Environment Variables

Variable	Required	Description
---	---	---
`GEMINI_API_KEY`	Yes	Your Google Gemini API key
`GEMINI_IMAGE_MODEL`	No	Override the default image model (default: `gemini-3-pro-image`)
`GEMINI_OUTPUT_DIR`	No	Default directory for saved images (default: current working directory)
`GEMINI_INPUT_DIR`	No	Directory to resolve bare input-image filenames against (e.g. point at Cowork's `uploads/` folder so `images: ["house.jpg"]` works)

Tools

Models

Tool	Description
------	-------------
`gemini_list_models`	List available Gemini image models and the current default

Image Generation

Tool	Description
------	-------------
`gemini_generate_image(prompt, count?, images?, images_base64?, video_url?, video_path?, google_search?, seed?, filename?, model?, aspect_ratio?, image_size?, thinking_level?, output_dir?, inline?)`	Generate image(s) from a text prompt (optionally image-conditioned via `images`/`images_base64`, or video-conditioned via `video_url`/`video_path`)
`gemini_edit_image(prompt, images?, images_base64?, google_search?, seed?, filename?, model?, aspect_ratio?, image_size?, thinking_level?, output_dir?, inline?)`	Edit or compose input image(s) — by path (`images`) or value (`images_base64`: data URI or raw base64) — with a text instruction. Requires ≥1 input
`gemini_generate_set(master_prompt, scenes? \	count?, reference_mode?, master_images?, master_images_base64?, google_search?, seed?, basename?, model?, thinking_level?, ...)`	Master image (optionally seeded from a reference photo) plus N consistent images referencing it

Multi-turn (Interactions API — Beta)

Tool	Description
------	-------------
`gemini_interact(input, previous_interaction_id?, images?, images_base64?, video_url?, video_path?, google_search?, model?, aspect_ratio?, image_size?, thinking_level?, filename?, output_dir?, inline?)`	Generate/edit via Gemini's Interactions API. Returns an `interaction_id`; pass it back as `previous_interaction_id` to iteratively refine the same image conversationally — the recommended way to make incremental edits. Output is JPEG. (Beta API.)

Workflows

Generate a single image:

gemini_generate_image(prompt: "a red maple leaf on white background, studio photo")
→ returns path to saved PNG

Generate multiple variations:

gemini_generate_image(prompt: "a cartoon fox", count: 4, output_dir: "/tmp/foxes")
→ returns paths to 4 PNG files

Edit an existing image:

gemini_edit_image(prompt: "make the background blue", images: ["/path/to/image.png"])
→ returns path to edited PNG

Generate a consistent set (master + scenes):

gemini_generate_set(
  master_prompt: "a cartoon fox named Rusty, orange fur, blue scarf",
  scenes: ["Rusty waving hello", "Rusty eating an apple", "Rusty sleeping"]
)
→ returns paths to master + 3 scene images, all consistent

Generate variations of a concept:

gemini_generate_set(
  master_prompt: "minimalist logo for a coffee shop",
  count: 5
)
→ returns master + 5 variations

Use a reference photo by value (when you have the bytes):

gemini_edit_image(
  prompt: "place this house on a vintage travel-poster background",
  images_base64: ["data:image/jpeg;base64,/9j/4AAQ..."]   // or raw base64
)
→ returns path to the edited image

images_base64 is for bytes you actually have — a file you Read/encode, a URL

you fetch, or a data: URI the user pastes as text.

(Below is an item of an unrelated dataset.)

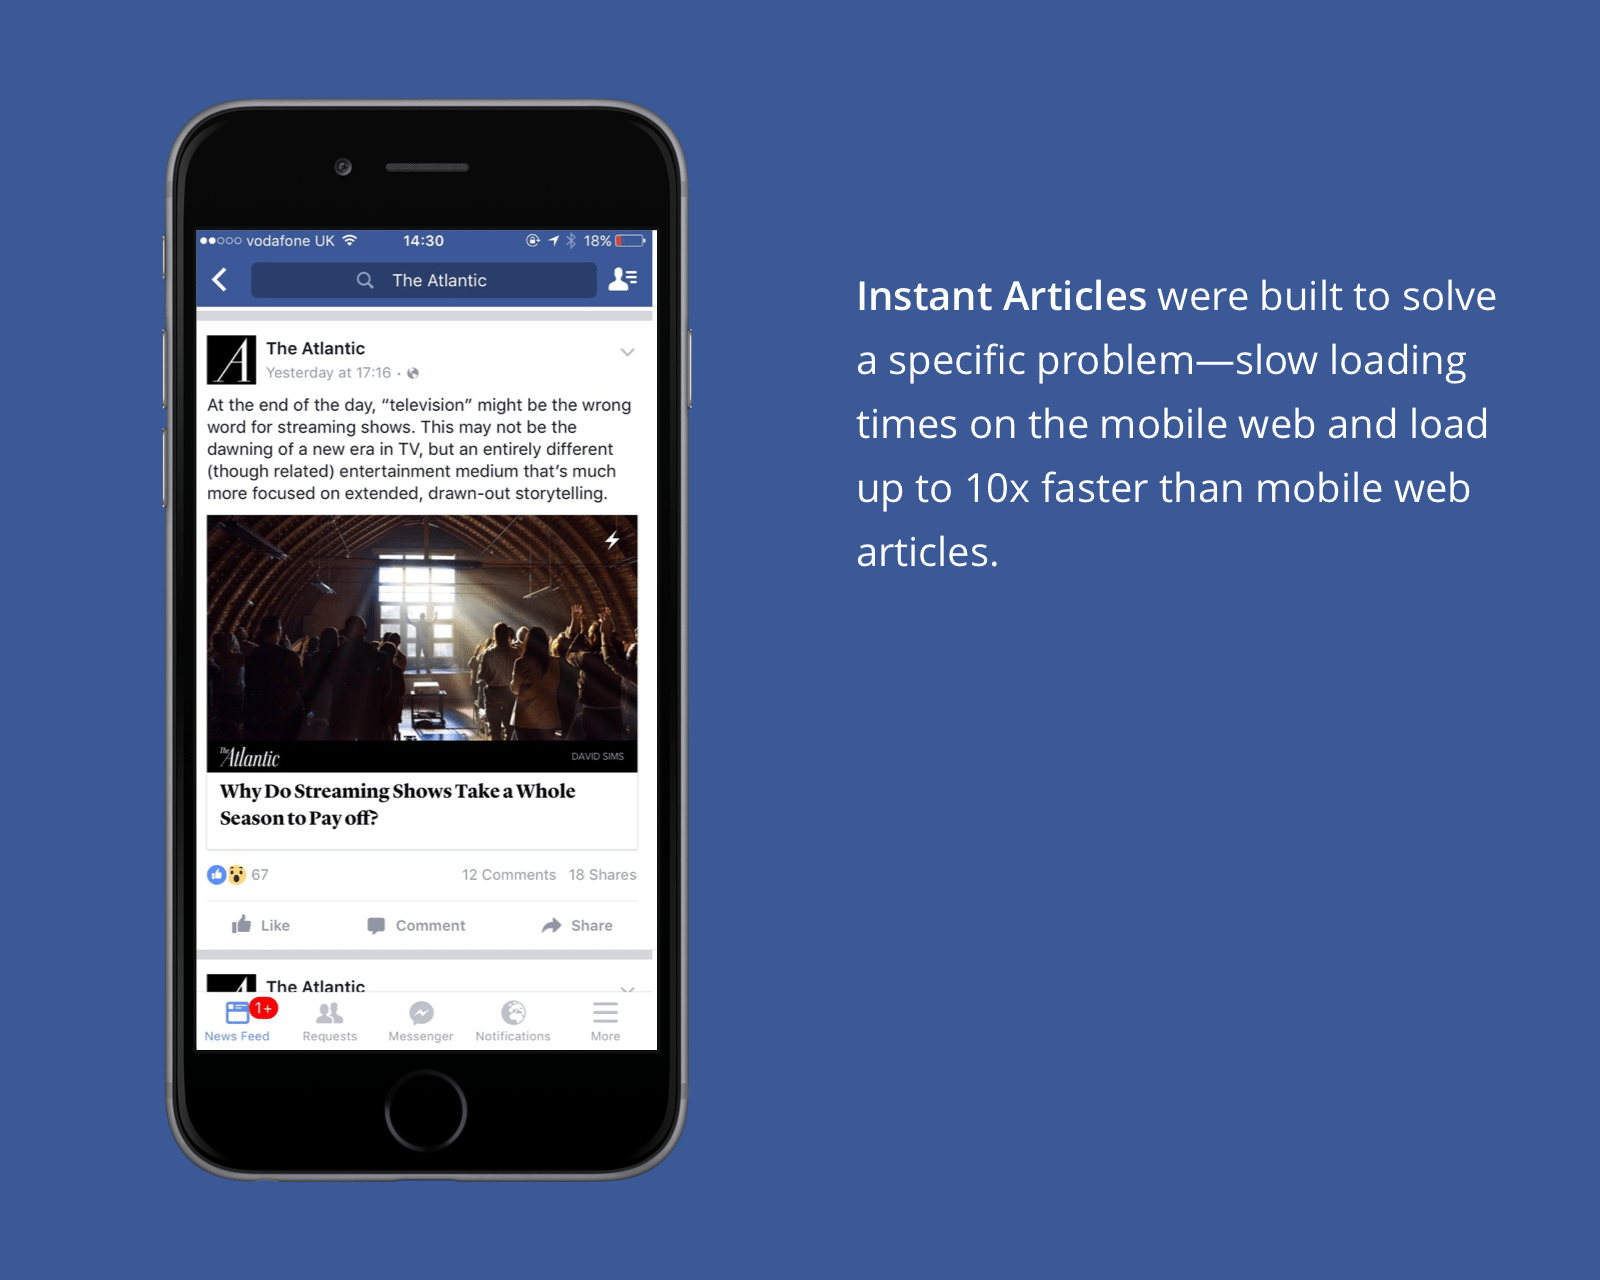 The gains from Facebook Instant Articles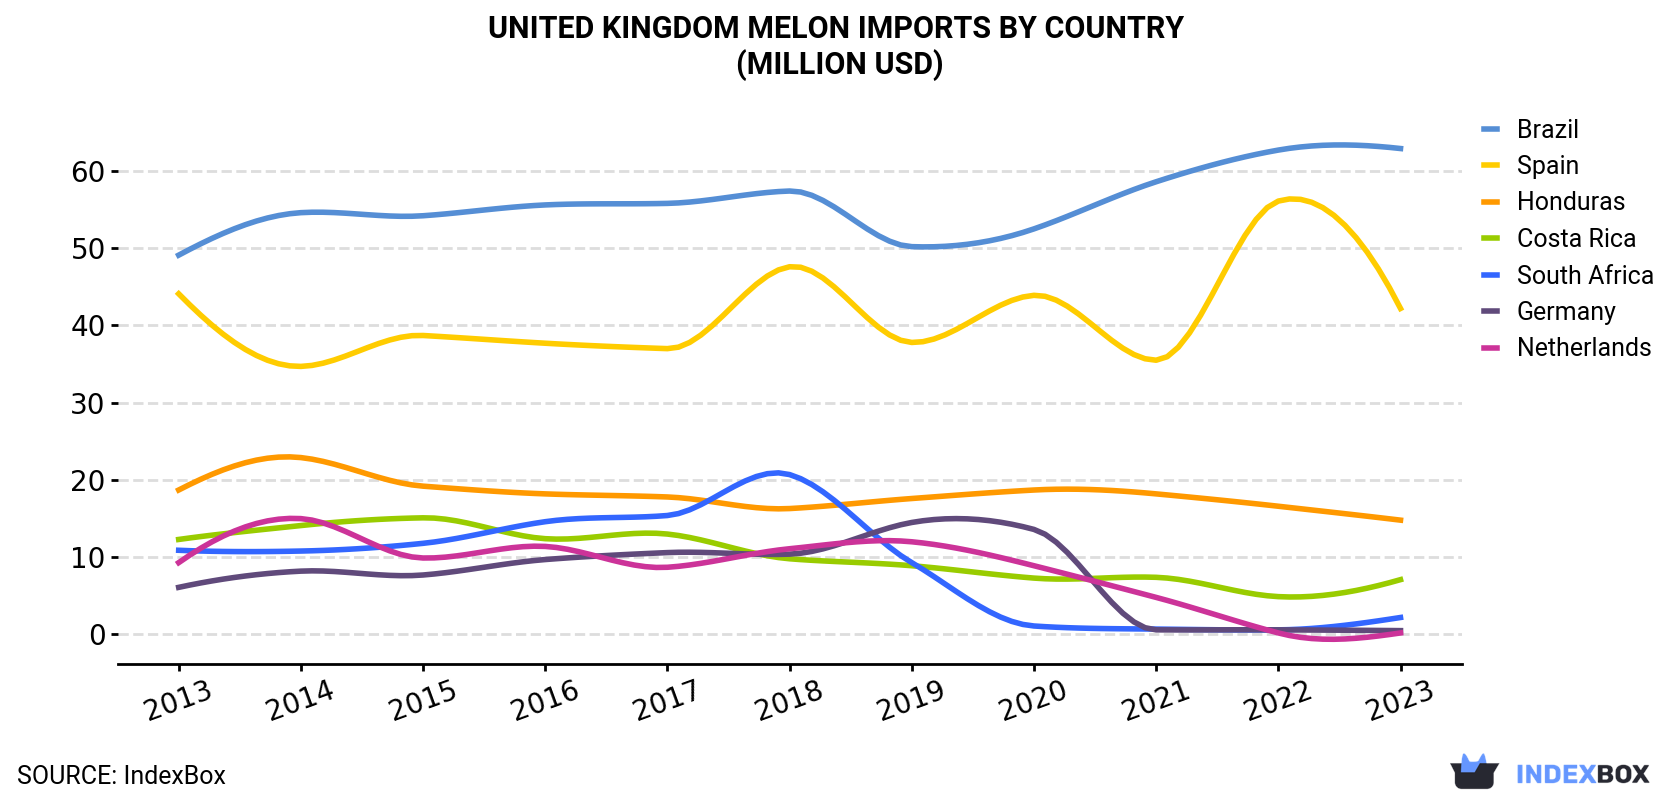 United Kingdom Melon Imports By Country (Million USD)

Iterate on ONE image conversationally (multi-turn):

r1 = gemini_interact(input: "a cozy reading nook, watercolor")
   → { images: [...], interaction_id: "v1_abc…" }
r2 = gemini_interact(input: "add a sleeping cat on the chair",
                     previous_interaction_id: r1.interaction_id)
   → refined image that preserves r1; returns a NEW interaction_id

Prefer this over re-running gemini_edit_image when you're making a series of incremental edits — the model keeps the prior result in context.

⚠️ Chat-pasted/attached images can't be fed to these tools directly. A pasted

image reaches the assistant as a vision block — the assistant can SEE it but

never receives the original bytes, and the host doesn't write it to disk. So

neither images (no file exists) nor images_base64 (the bytes can't be

reconstructed from a downscaled vision rendering) is obtainable from a paste.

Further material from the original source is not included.